ST-segment elevation myocardial infarction (STEMI) remains a leading cause of global morbidity and mortality worldwide [1,2]. Obesity, a well-established and increasingly prevalent cardiovascular disease risk factor, is projected to affect over 51% of the U.S. population by 2030 [2,3,4]. Obesity significantly impacts STEMI outcomes; however, the relationship between obesity and STEMI outcomes is complex, with potential sex-specific differences.
The ‘obesity paradox’, characterized by better outcomes in obese patients compared to their non-obese counterparts, has been observed in various cardiovascular conditions [5], including acute coronary syndromes [6]. This phenomenon has been attributed to various mechanisms such as increased metabolic reserve, cardioprotective adipokines, and lower access site complications. Studies examining the influence of obesity on outcomes in STEMI have yielded conflicting findings. Many studies demonstrated a lower in-hospital and long-term mortality among obese patients compared to their normal-weight counterparts, consistent with the ‘obesity paradox’ [7,8,9,10,11], while others reported no significant differences [12,13], and some indicated an increased in-hospital mortality in extremely obese patients [14,15]. There are significant sex differences in fat composition and distribution [16,17]. However, the extent to which these sex-specific variations influence the relationship between obesity and STEMI outcomes, particularly long-term mortality, remains largely unexplored.
This study aimed to investigate the relationship between body mass index (BMI) and all-cause mortality in a large, registry-based prospective cohort of consecutive STEMI patients in the United States.

2. Methods

2.1. Study Population

This study was conducted at two tertiary percutaneous coronary intervention (PCI) centers in the United States, The Minneapolis Heart Institute in Minneapolis, MN, and The Christ Hospital in Cincinnati, OH, which are part of the Midwest STEMI Consortium [18]. We included all STEMI activations within 24 h of symptom onset, based on ischemic symptoms and ST-segment elevation or new (presumed new) left bundle branch block.
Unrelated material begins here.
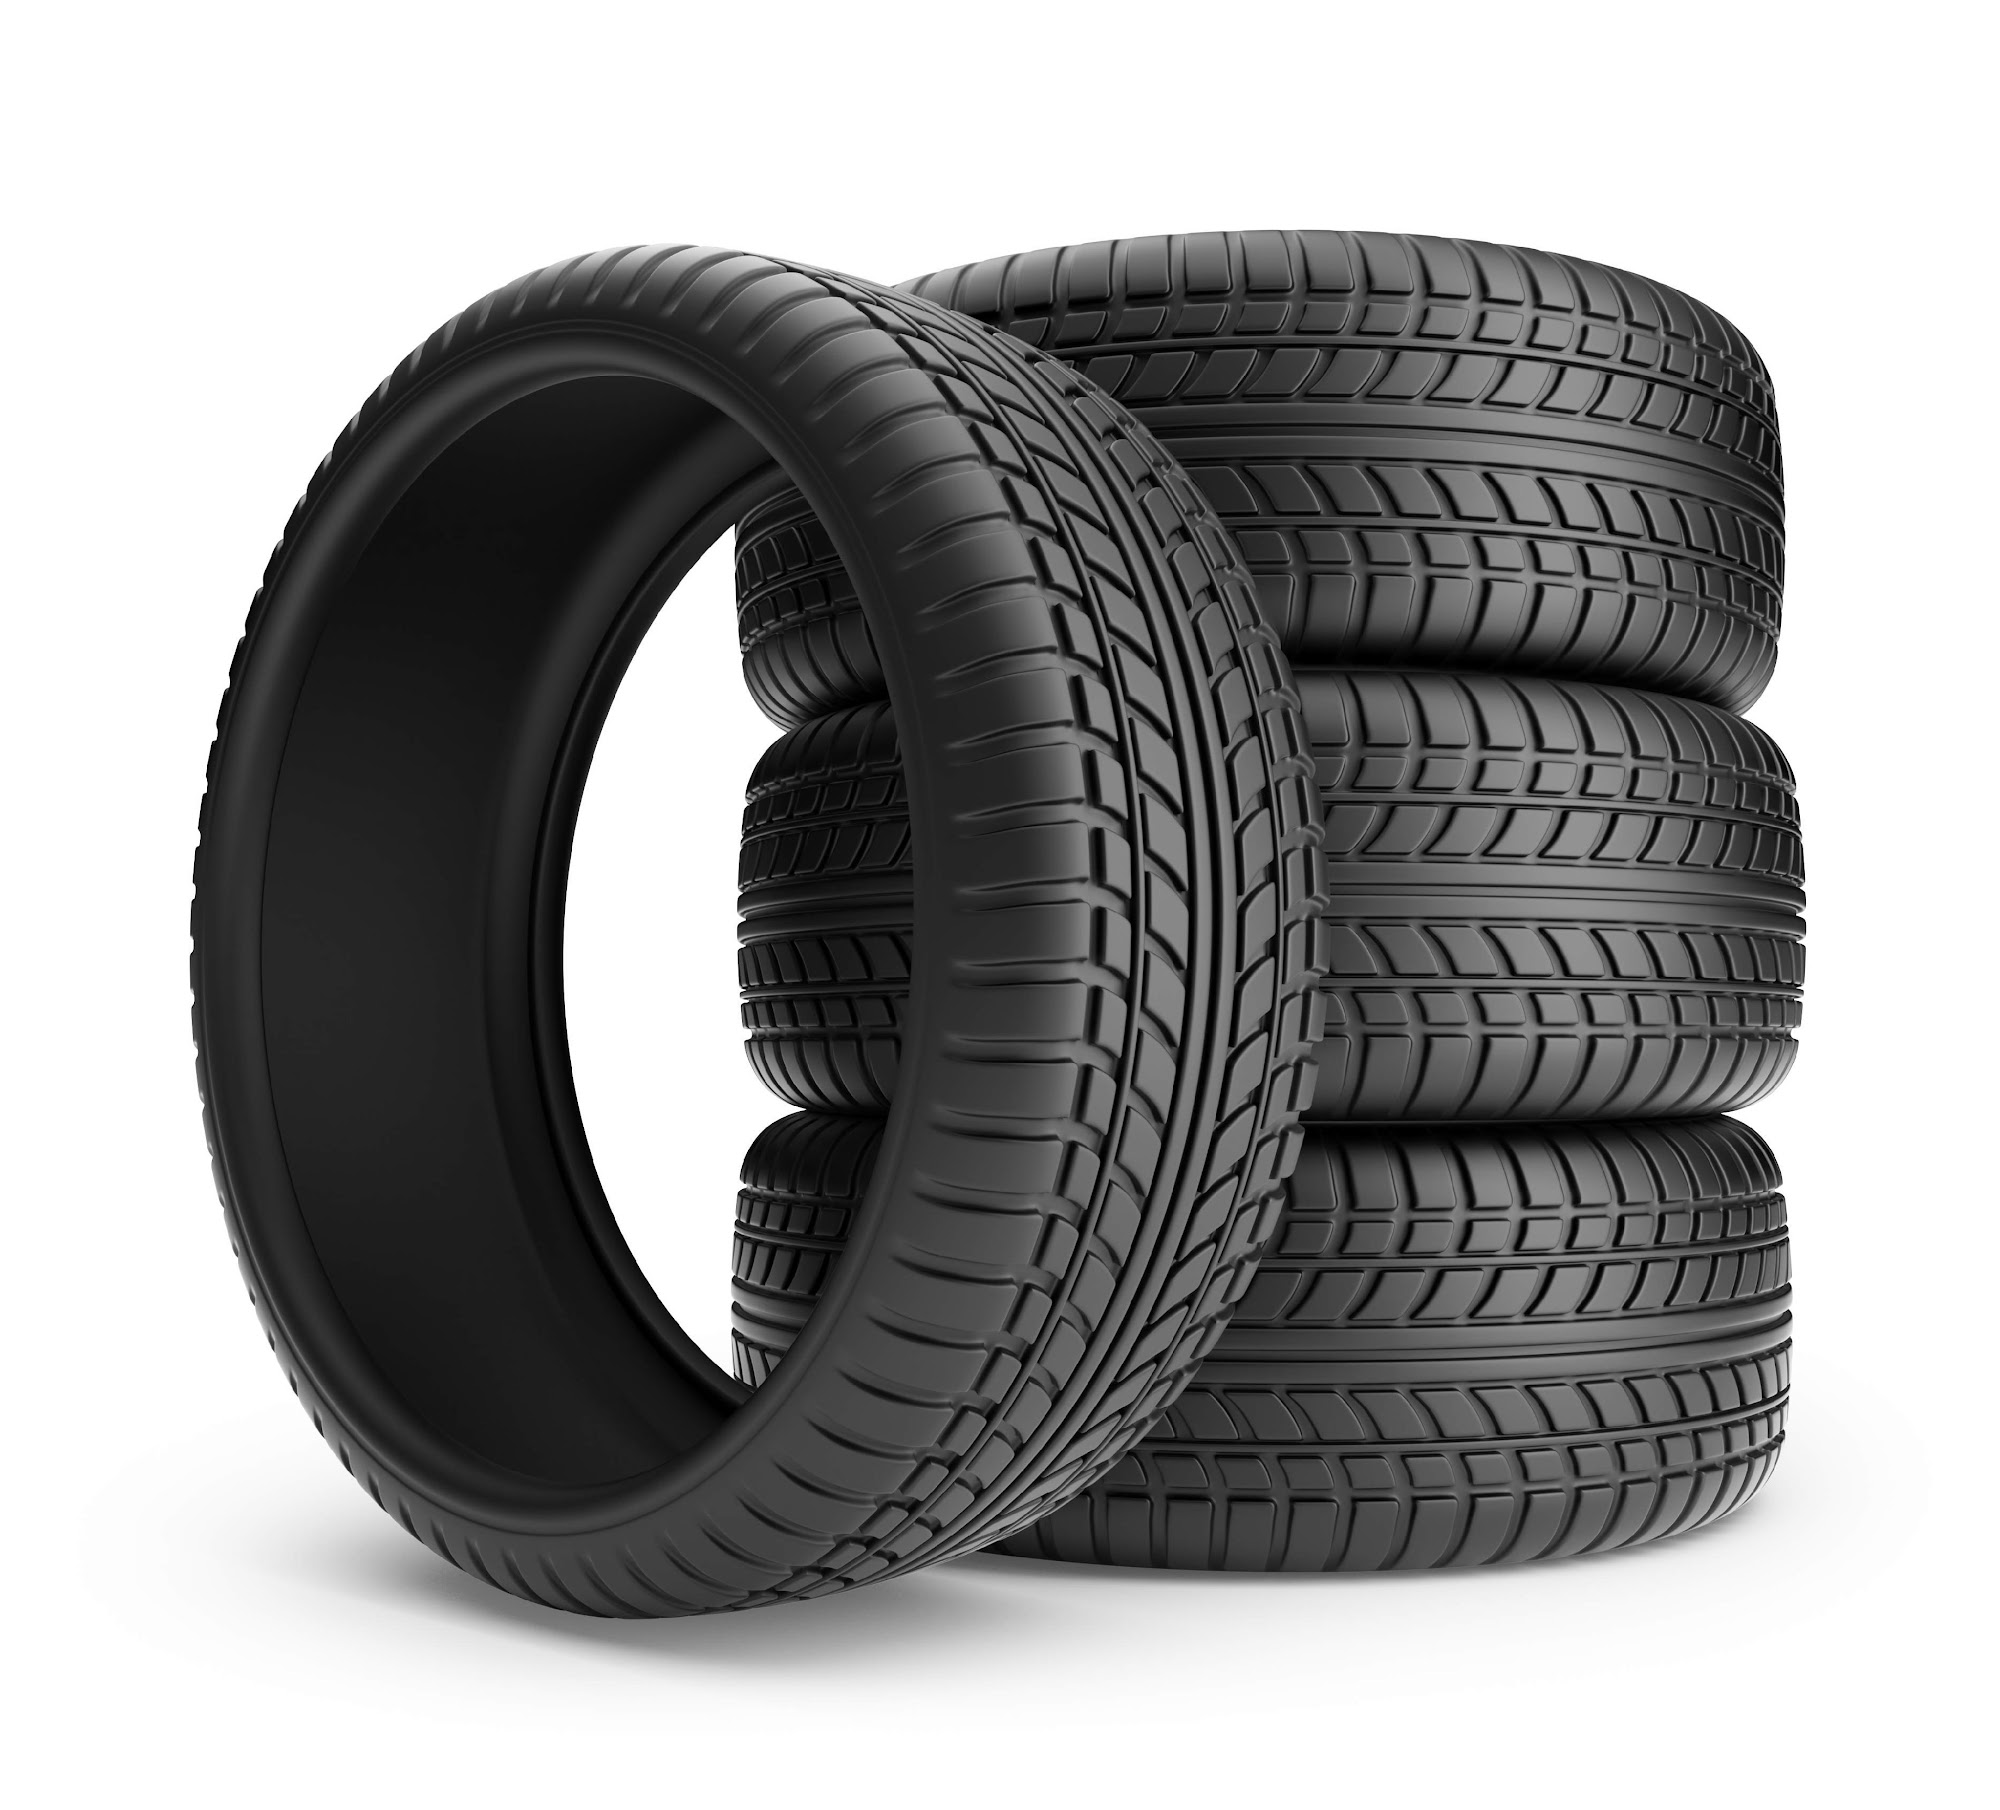 Salopian Tyres Ltd

All patients included in this study were treated with similar standardized treatment protocols, including pre-treatment with anti-platelets and anticoagulants and immediate referral to the cardiac catheterization laboratory for primary PCI. No exclusion criteria were applied. The study population and the protocol have been previously described in detail [18]. The study protocol and data-sharing agreement between centers were approved by the institutional review boards of each center.
We included 4682 consecutive STEMI patients presenting between January 2010 and December 2020. Patients were divided into three different groups based on their BMI at time of presentation: normal weight (18.5–24.9 kg/m2), overweight (25.0–29.9 kg/m2), and obese (30.0 kg/m2 or above). Demographic and clinical characteristics, angiographic details, laboratory markers, and discharge medications were abstracted by reviewing electronic medical records. All-cause mortality was collected in-hospital and at 1-year follow-up from the electronic medical records and at 5-year follow-up from the national death index.

2.2. Statistical Analysis

Continuous variables are summarized with median and interquartile range (IQR) and compared by using Wilcoxon-rank sum tests. Categorical variables are summarized with count and percentage and compared by using Chi-square tests or Fisher’s exact tests. Survival rates were estimated by using the Kaplan–Meier method and compared by using log-rank tests. Odds ratio (OR) and their corresponding 95% confidence intervals (CIs) of in-hospital mortality for the overweight and obese groups compared to the normal BMI group were estimated using logistic regression models adjusting for age, race/ethnicity, study site, year of STEMI, hypertension, diabetes, dyslipidemia, smoking history, stroke, ejection fraction, out-of-hospital cardiac arrest (OHCA), and percutaneous coronary intervention (PCI) at time of presentation. Analysis of long-term mortality was performed for presentation to 5-year mortality, calculated from the date of presentation to the date of event (all-cause death), and discharge-to-5-year mortality for patients surviving to discharge, with length of follow-up calculated from the date of hospital discharge to the date of event (all-cause death). Hazard ratio (HR) and 95% CI for long-term mortality were estimated using Cox proportional hazard models, adjusting for the same variables as the in-hospital mortality models. To investigate potential differences between BMI groups based on sex, the interaction between BMI group and sex was tested. This interaction term was not found to be significant. Although the interaction effect for sex and BMI was not statistically significant, it had a meaningful trend that drove us to decide to pursue subgroup analysis by sex. All analyses were performed in the overall cohort and repeated separately in the females and males in the cohort. The proportional hazards assumption was evaluated by visually inspecting plots of scaled Schoenfeld residuals. Incidence of missing data for primary variables (BMI and sex) was <0.5%. All computations were performed using R version 4.4.2 (R Core Team, 2024) and RStudio 2024.9.1.394 (Posit team, 2024).

3. Results

3.1. Characteristics of STEMI Patients Stratified by BMI Groups

Among 4682 consecutive STEMI patients, 30.1% were female. When assessed by BMI categories, 22.2% were normal weight, 36.2% overweight, and 41.6% obese (Table 1).
Compared to patients with normal weight or overweight, obese patients were younger and had a higher proportion of cardiovascular risk factors (hypertension, diabetes, dyslipidemia, and family history of coronary artery disease [CAD]). Obese patients had a higher proportion of medications on admission (aspirin, anti-platelet therapy, statins, beta blockers, and renin–angiotensin–aldosterone inhibitors [RASS-I]). Obese patients had a higher proportion of out-of-hospital cardiac arrest and longer door-to-balloon time compared to normal-weight or overweight patients. The incidence of cardiogenic shock was similar in the different BMI groups (Table 1).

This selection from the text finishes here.